Yes, I am feeling at peace. I wonder if it will last? Will fear creep up inside me again? In wonder, my thoughts change to love instead of fear. A shift in consciousness happens as we slide in and out of the two worlds we live in.
Today as I was outside dabbling in the garden during this beautiful sunny day. I had been putting off being outside in the cold and today seemed only slightly different. But I took my sense of wonder with me. As I pulled weeds I kept an eye on those beautiful daffodils that are standing tall even after snow last week… I wonder how they are so adaptable to the ups and downs of weather. I wonder if we are just as adaptable and answered right away, of course! I planted some new tulip bulbs last fall and I see they are getting close to opening up. I wonder…will they be as beautiful as I remembered seeing them at the gardens where I picked them out? I used my organic fertilizer, I wonder…will that smell help the rabbits leave my tulips alone and not eat them!? My weeds were pulled, dead branches picked up, the time flew by, and I came in feeling totally peaceful.
Hope…it’s beautiful when we activate it using our sense of wonder. We are not in control of the outcome of what is happening around us, and yet we are able to do our part to contribute through compassion and love for all. When we surrender the need for that control, let God be in control, our sense of wonder will grow and expand our thoughts into actions that are helpful to all those around us.
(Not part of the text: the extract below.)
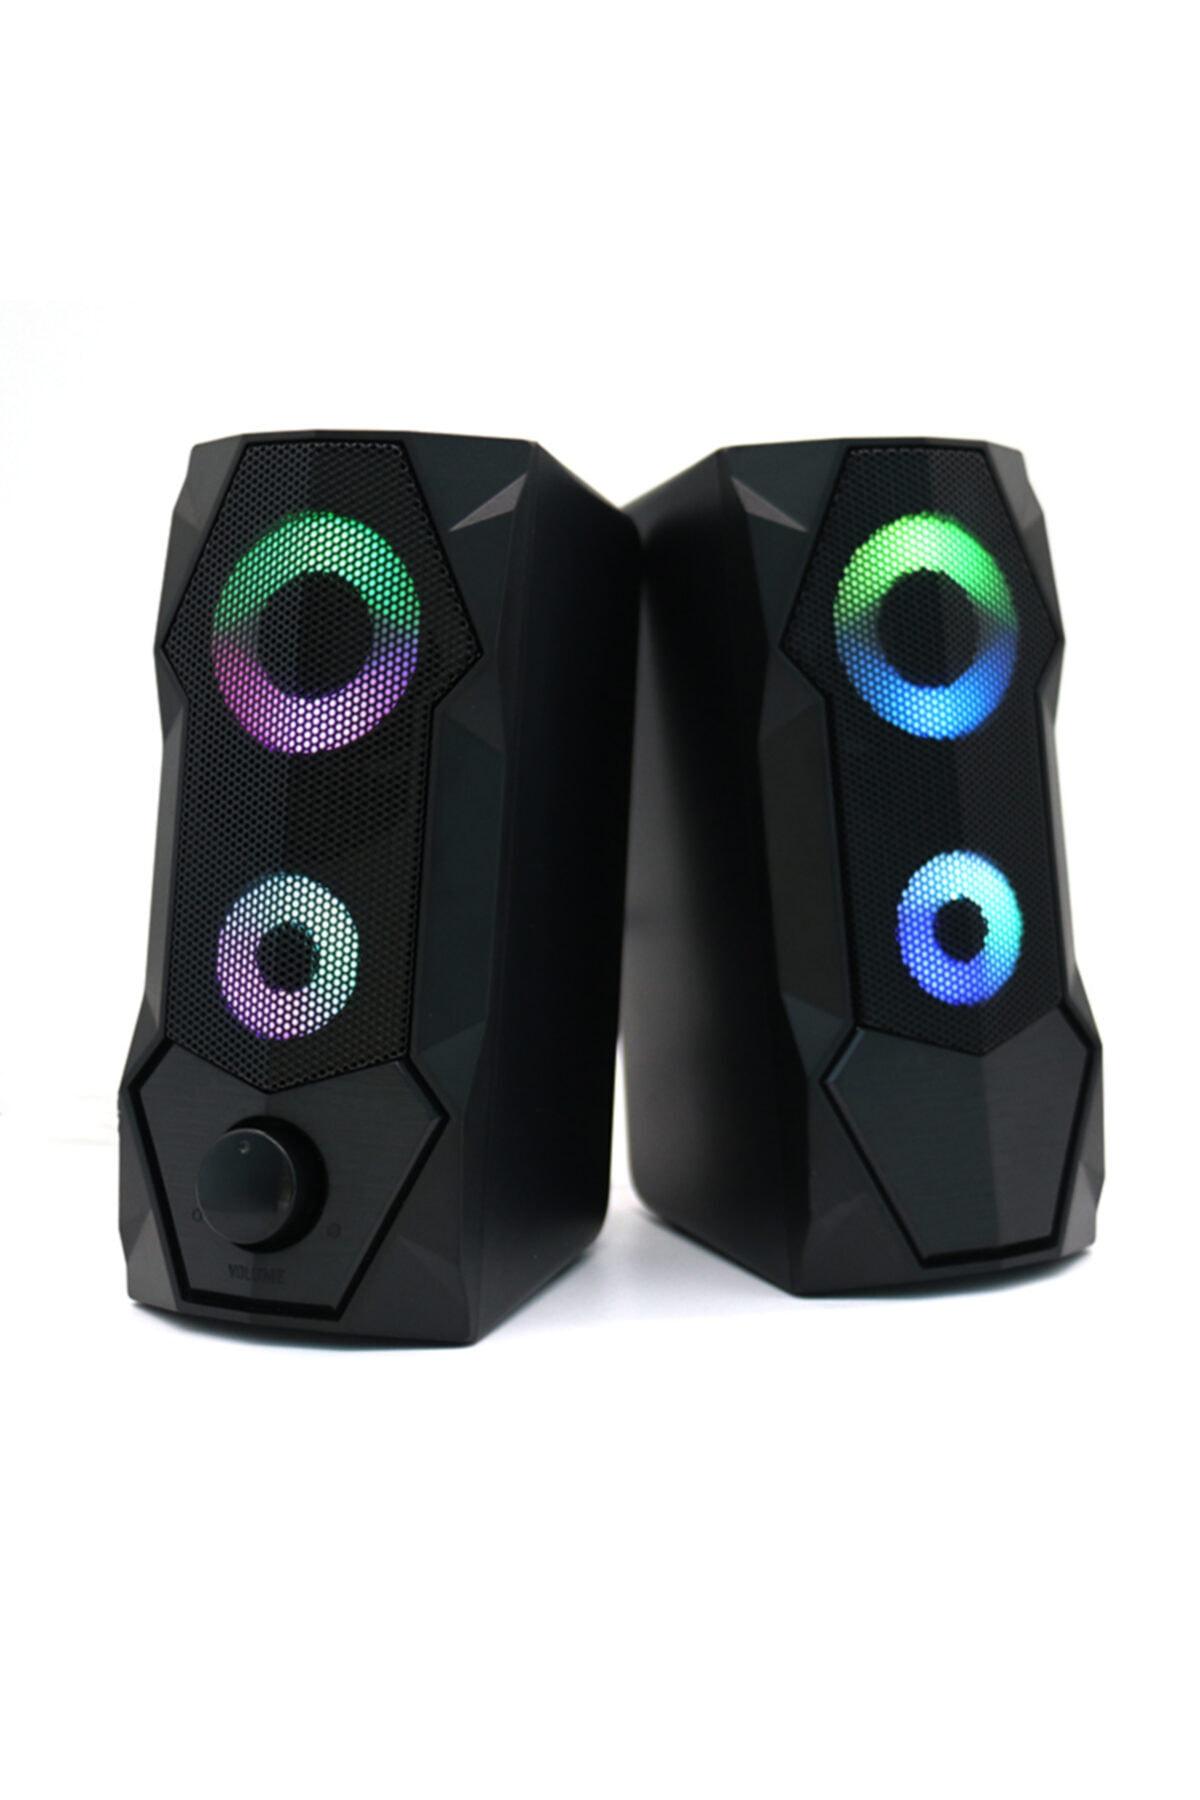 Bilgisayar Hoparlörleri Rgb Işıklı 2.0 Usb Oyun Stereo Kablolu Pc Hoparlör 3.5mm Aux Girişi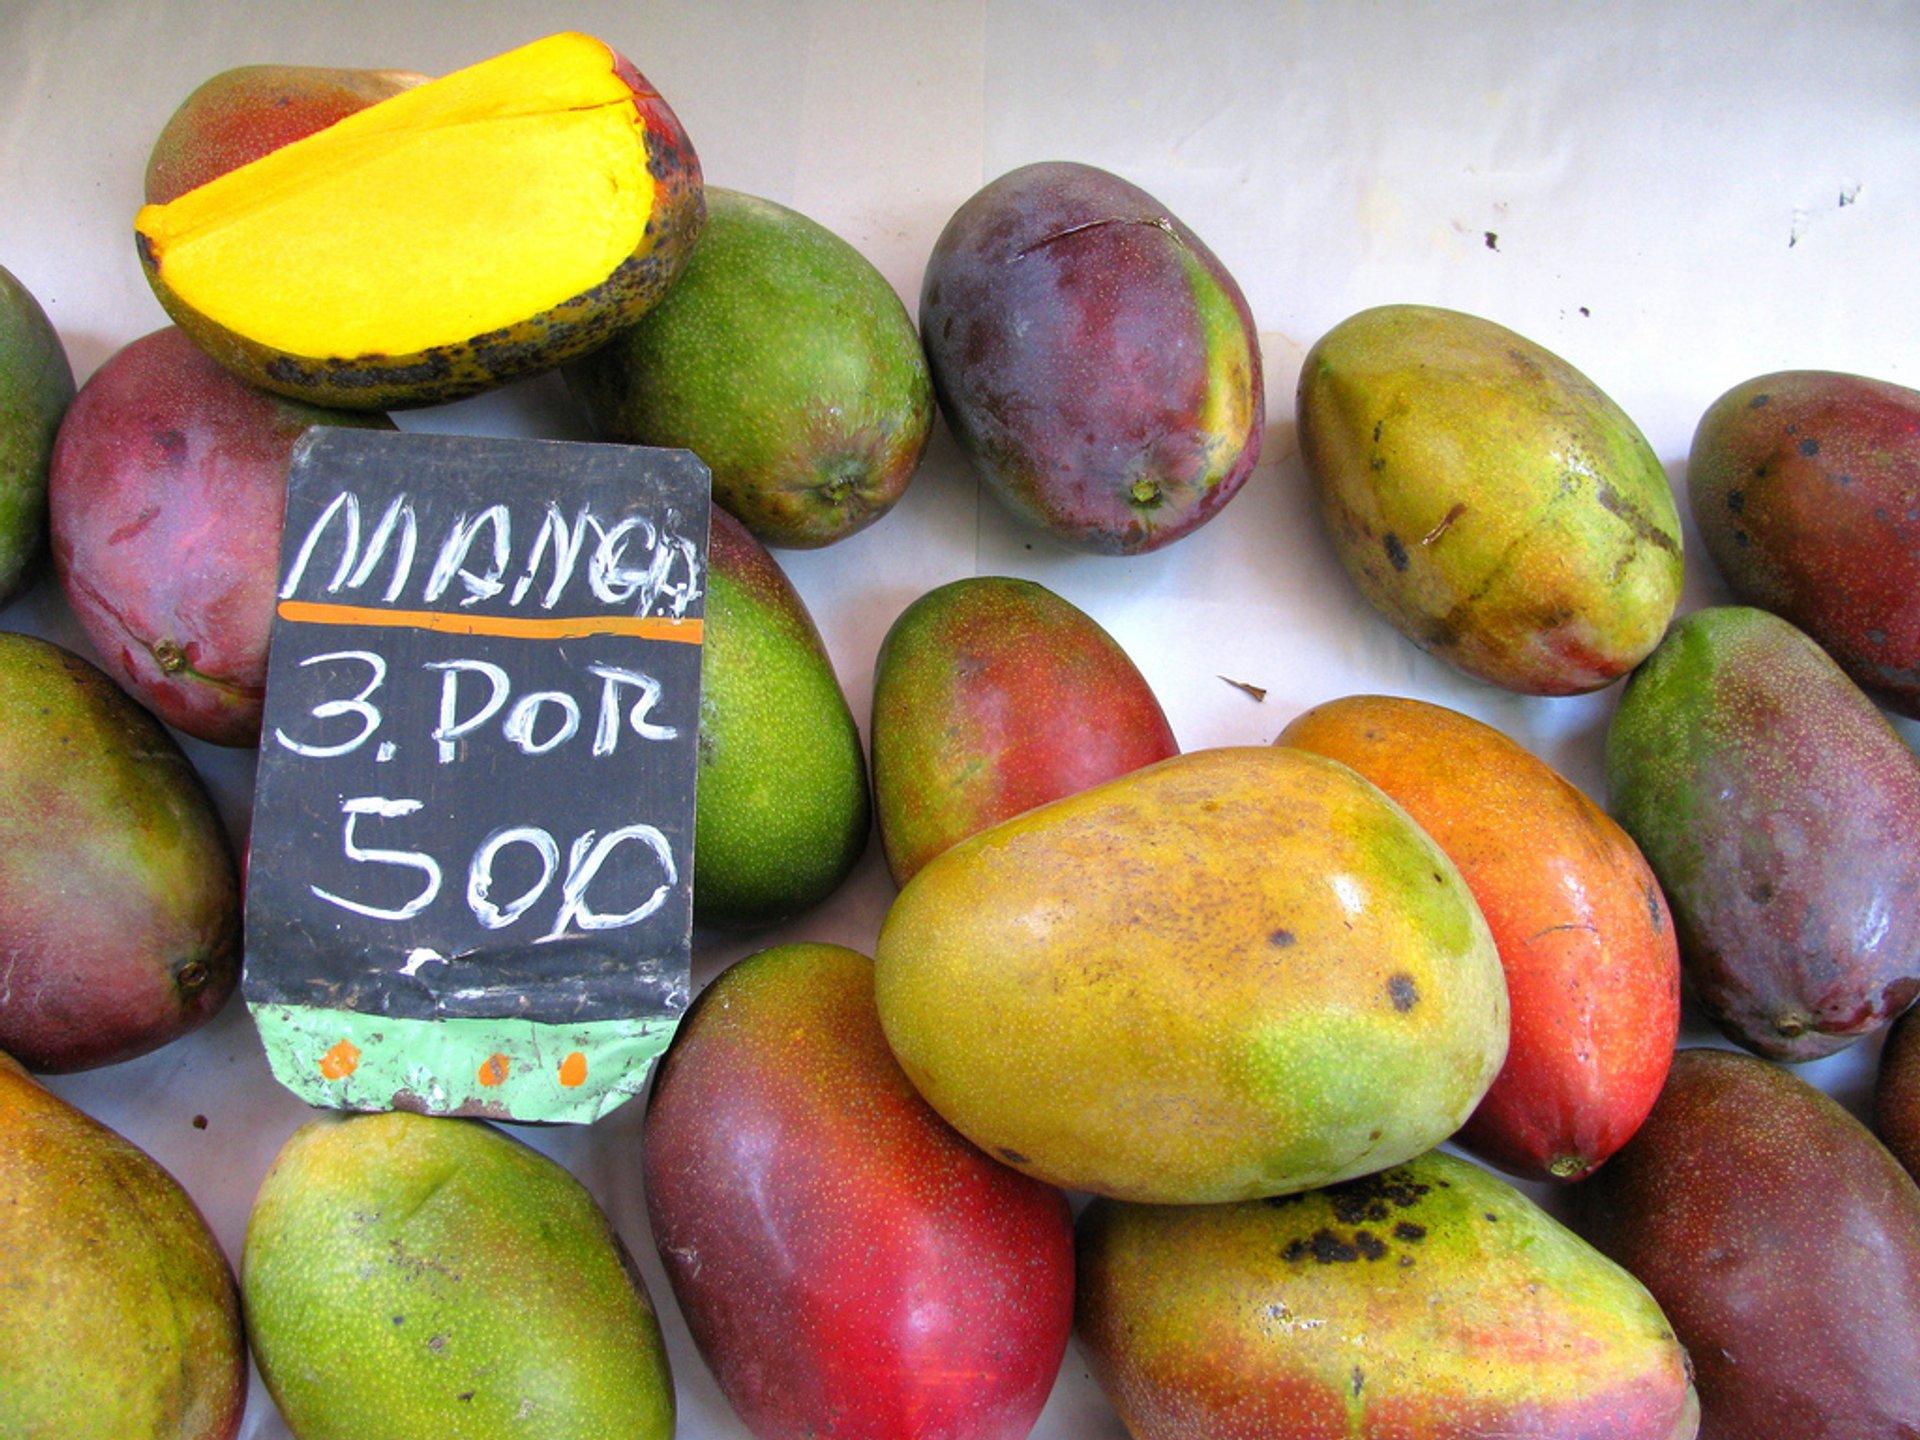 Mango in Rio de Janeiro 2020 - Best Time

I realized that’s exactly what we do as we offer a Reconnective Healing. As the healer, we are the conduit only, to set up that three way communication grid between ourselves, the person needing the healing, and God. We are the observer and the observed through awareness. We surrender the outcome in the wonder of recognizing God’s Amazing Presence during the healing session.
I wonder if you will try it in your life today? I love the peace it has brought into my mind, body, and spirit. Life is always unfolding. I’ve re-discovered a deep way to listen for God’s voice…always sharing amazing Divine love.
I wonder…will I discover other new ways to listen?
STAY SAFE all of you…and delight in peace when it comes! Our children provide HOPE…with our nurturing!